Each line from the one holding "Marked a French size 36." through the final line of the data below is to be given again exactly, and no other line is to appear.

**Dataset extract**.
········
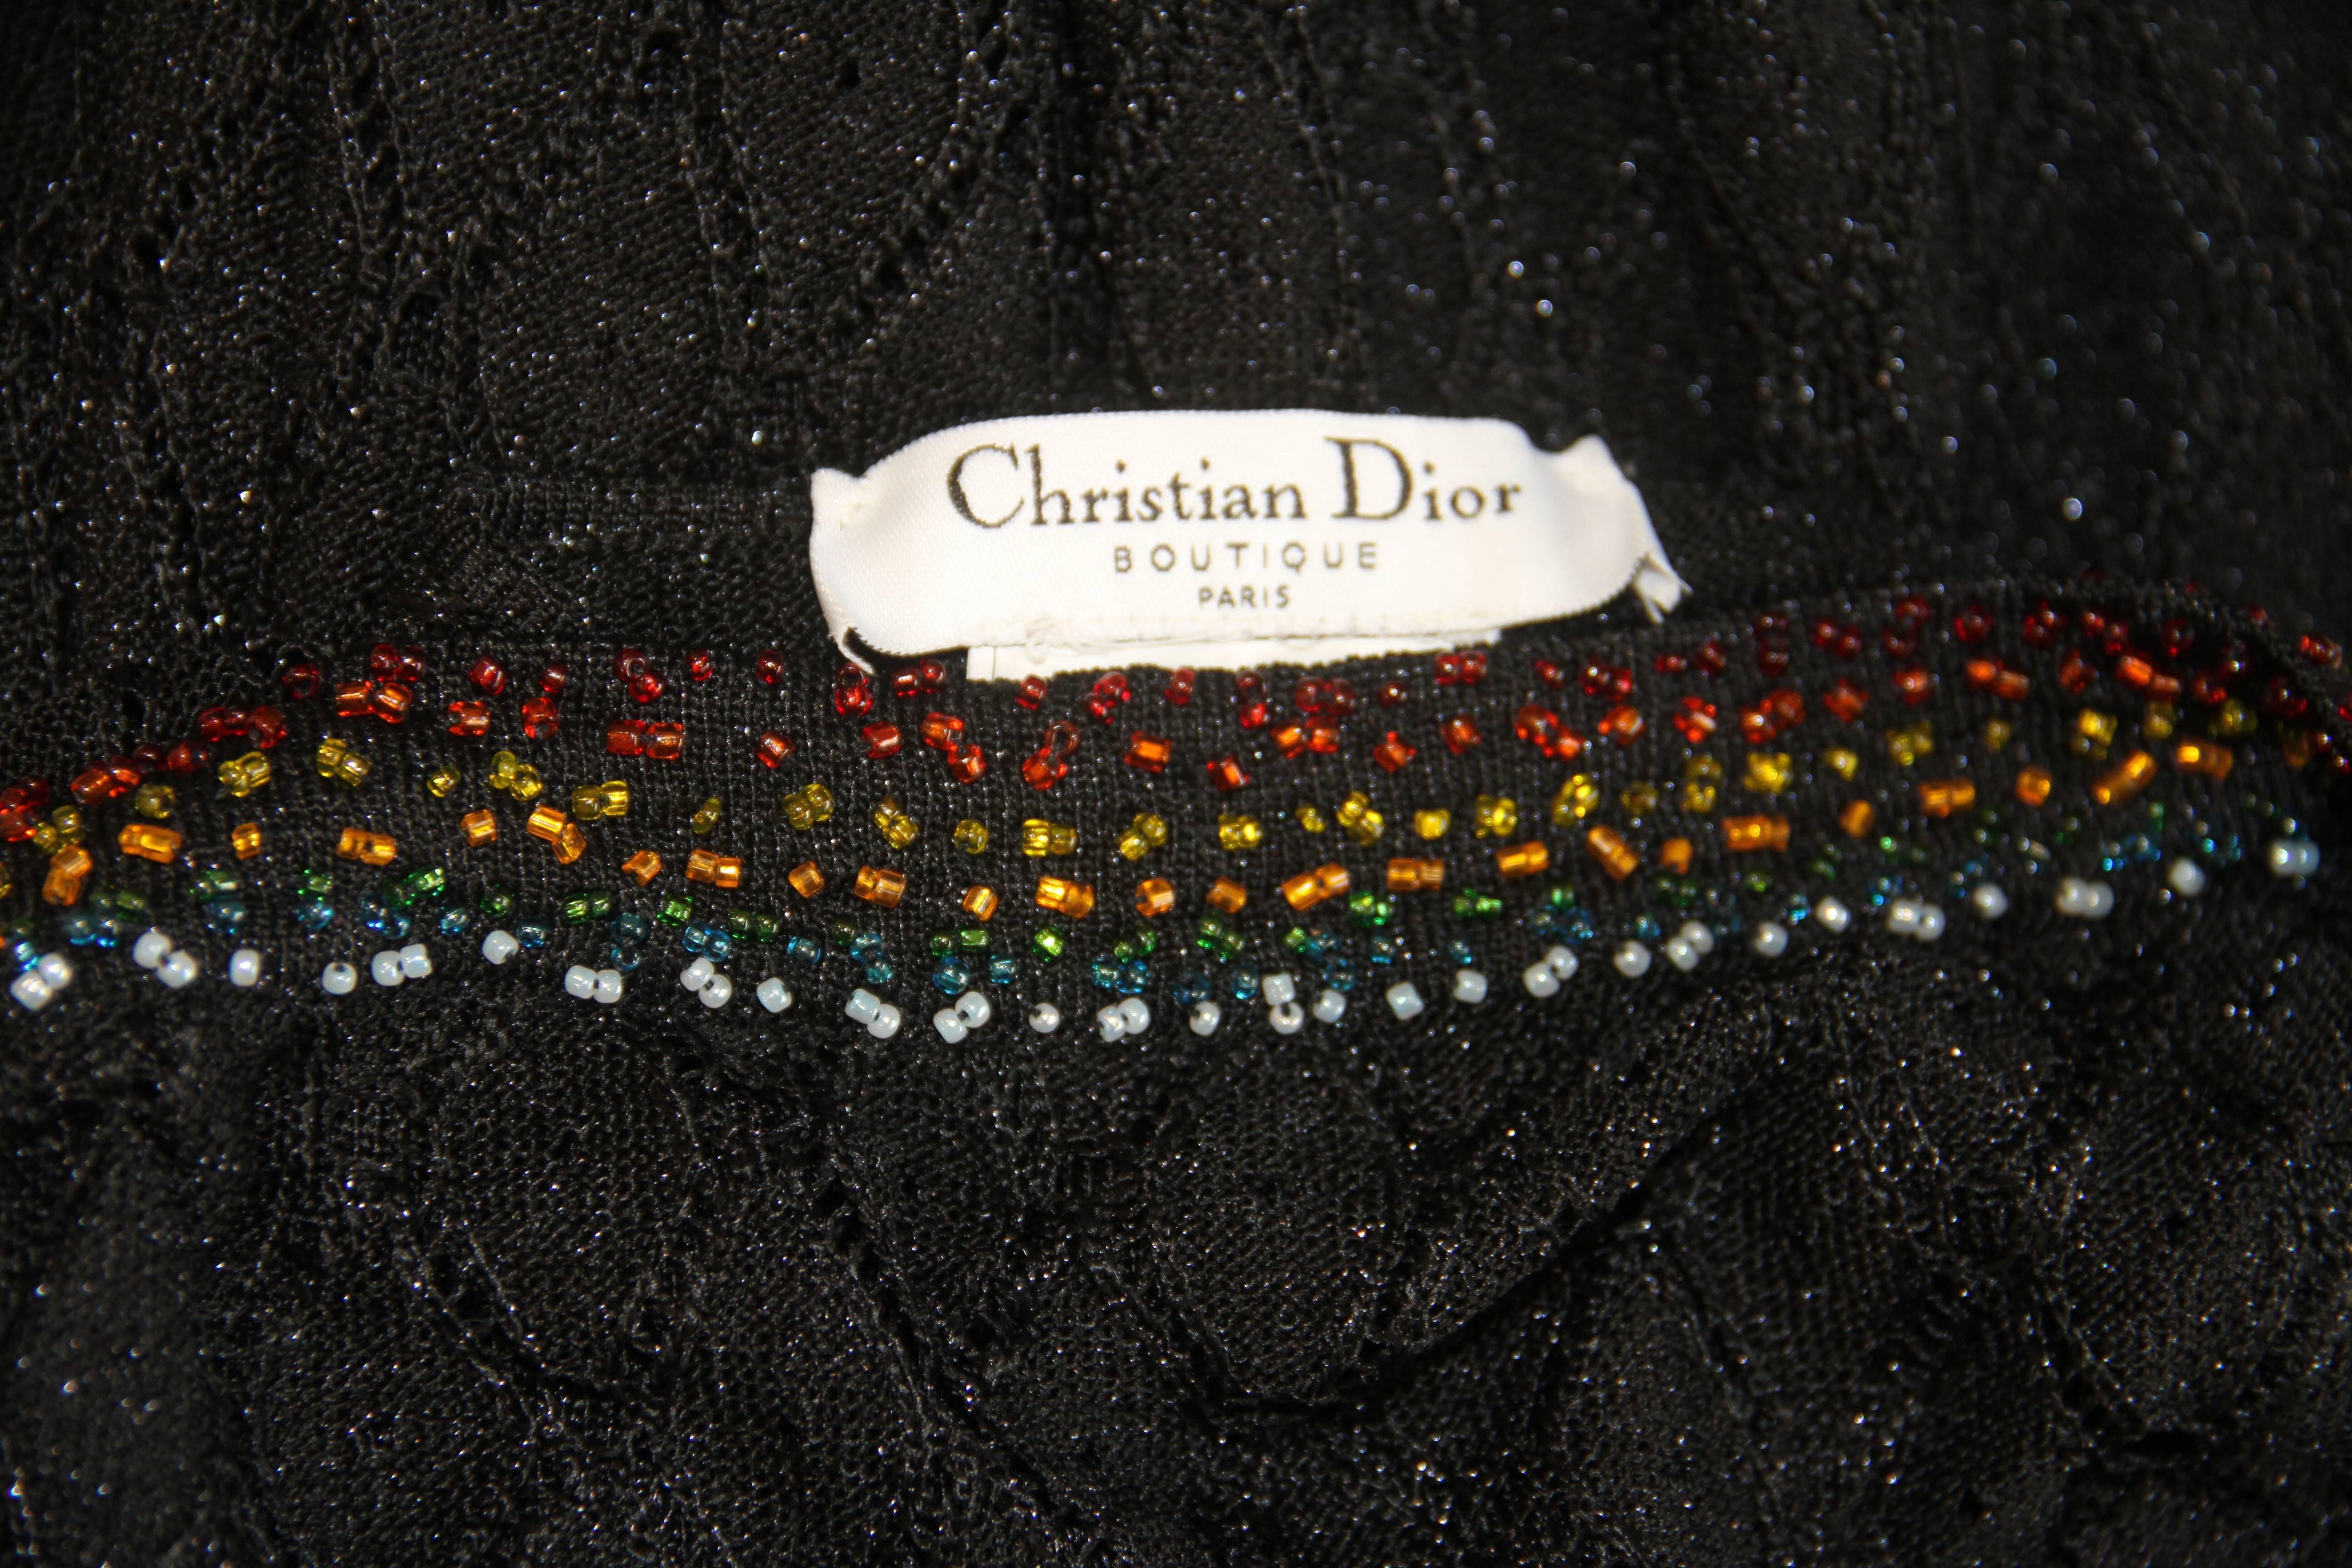 A John Galliano For Christian Dior black lurex knit beaded evening gown from the Fall 2001 collection.

Marked a French size 36.

Fabric content - 78% acetate / 12% polyester / 10% nylon
········
**Result below**.
Marked a French size 36.

Fabric content - 78% acetate / 12% polyester / 10% nylon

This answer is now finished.